Oxygen deprivation at birth, also known as hypoxia or hypoxic injury, routinely leads to your newborn suffering permanent injuries such as brain damage, kidney damage, liver damage, or a whole host of other awful injuries. How does hypoxia occur? Well, it can be brought about by the negligence of clinicians who fail to look out for maternal or fetal complications capable of initiating a series of events that inhibit normal blood flow to the brain of your child during birth.

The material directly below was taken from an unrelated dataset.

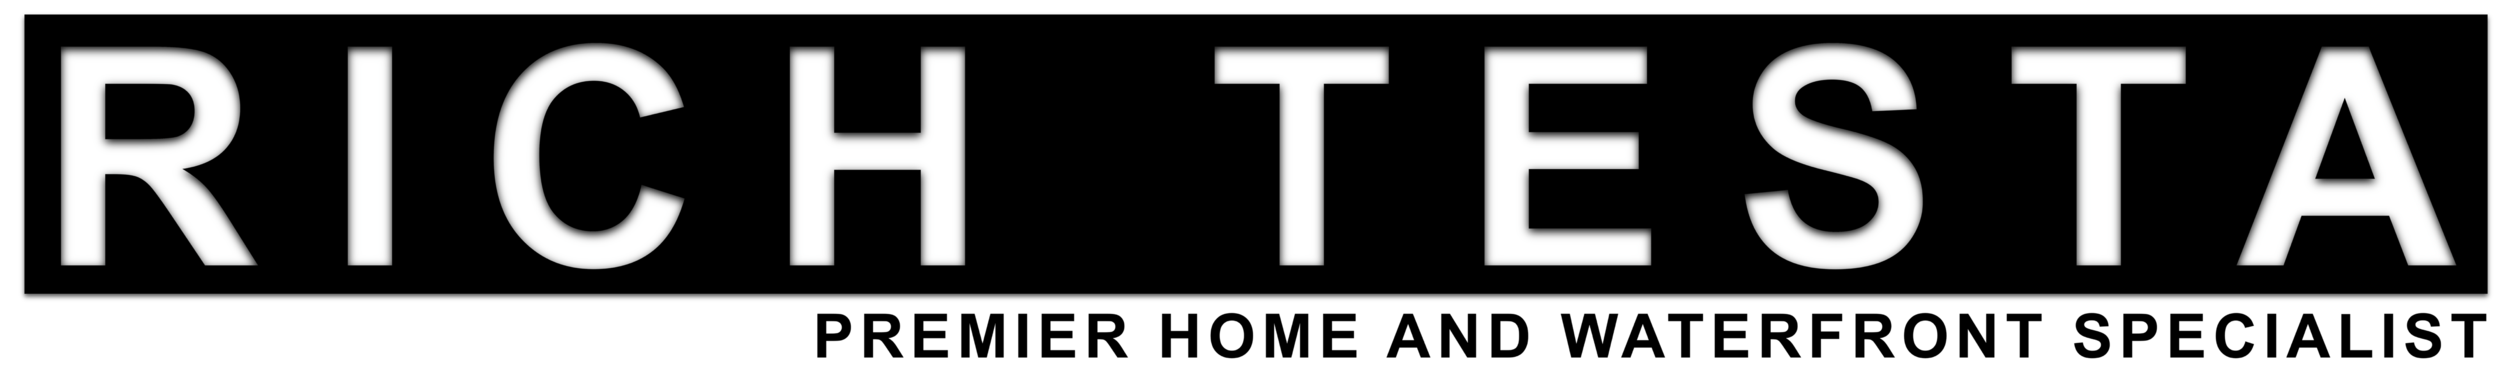 Logo Rich Testa - Web PNG.png
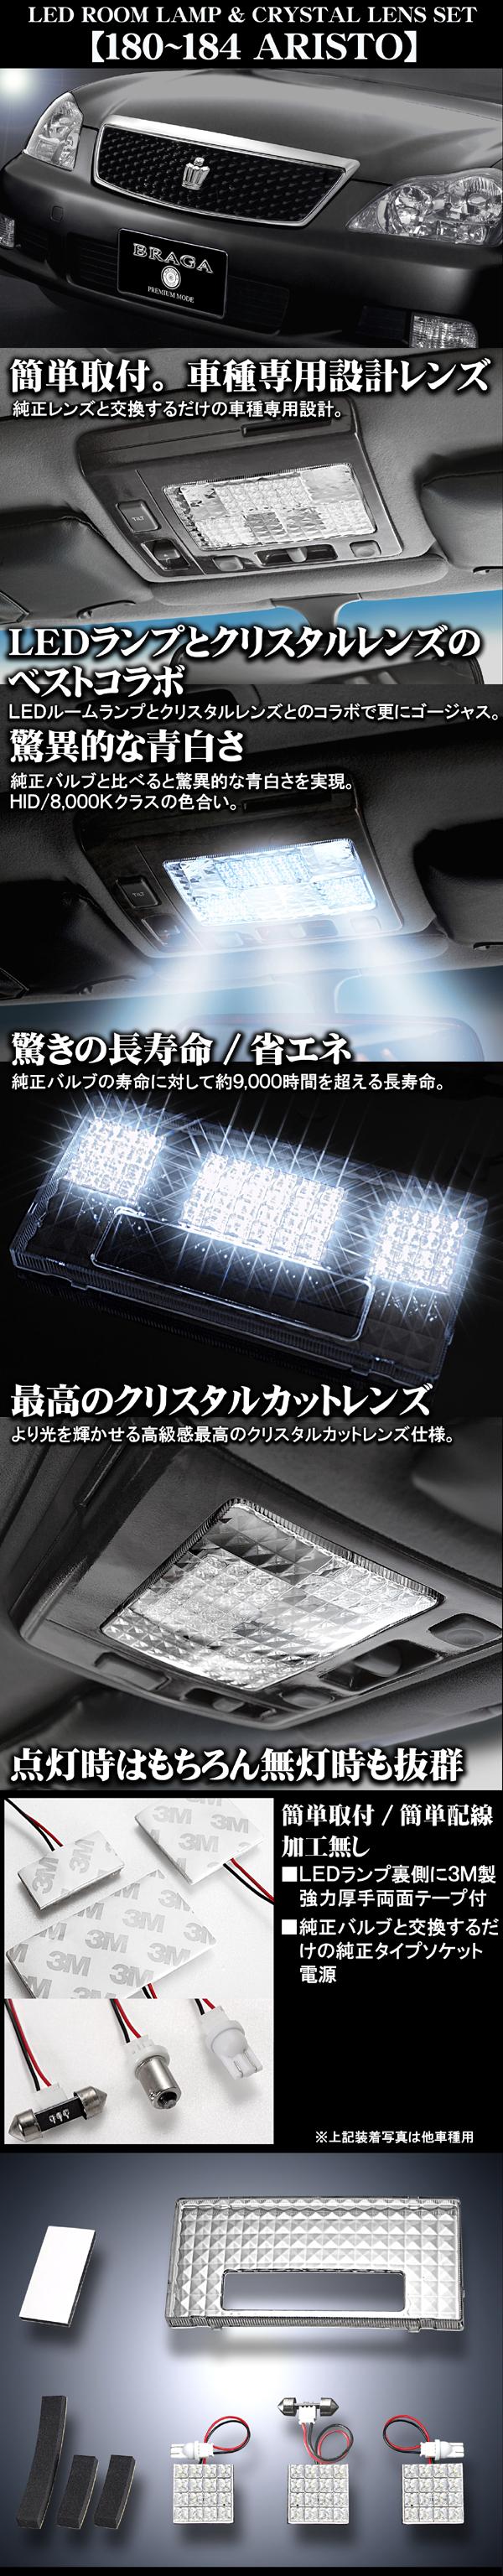 【180/181/182/183/184クラウン《後期》[ノーマル車]LEDルームランプ+クリスタルレンズ《4点セット/LED合計48発》取付パーツセット】

Some examples of complications that can lead to your baby’s oxygen deprivation injury include:

(i) Hypertension

(ii) The expecting mother develops high blood pressure and protein in the urine late in the pregnancy

(iii) Type I diabetes

(iv) Deficiency of amniotic fluid

(v) Growth impedance of the child during pregnancy

(vi) Post-dated pregnancy or

(vii) Insufficient blood flow to the placenta

If you or your loved one has a child who suffered an oxygen deprivation injury during birth, you should consider speaking to a medical malpractice lawyer to determine your legal options. There may have been a complication or mistake made during the birth that could have been prevented by the doctor and/or nurses.

Below are some potential negligent acts that may have contributed to your child’s hypoxic injury:

  • Failure to take proper and timely medical evaluations during the antepartum period and labor to assess the health of your newborn.
  • Failure to identify high-risk factors for hypoxia.
  • Failure to notice fetal distress in your newborn’s fetal heart rate pattern
  • Failure to address the cause of the fetal distress.
  • Whether the physician should have reasonably anticipated the oxygen deprivation that led to your child’s brain damage, given the abnormal patterns shown by the electronic fetal monitor.

Our medical negligence law firm understands the pain and agony associated with a birth injury. We represented a mother whose child suffered a life-altering, permanent shoulder injury and we were able to establish that the nurse-midwife was negligent during the birth. We successfully tried the case in front of a jury and secured a $2.3 million jury verdict for the child and mother.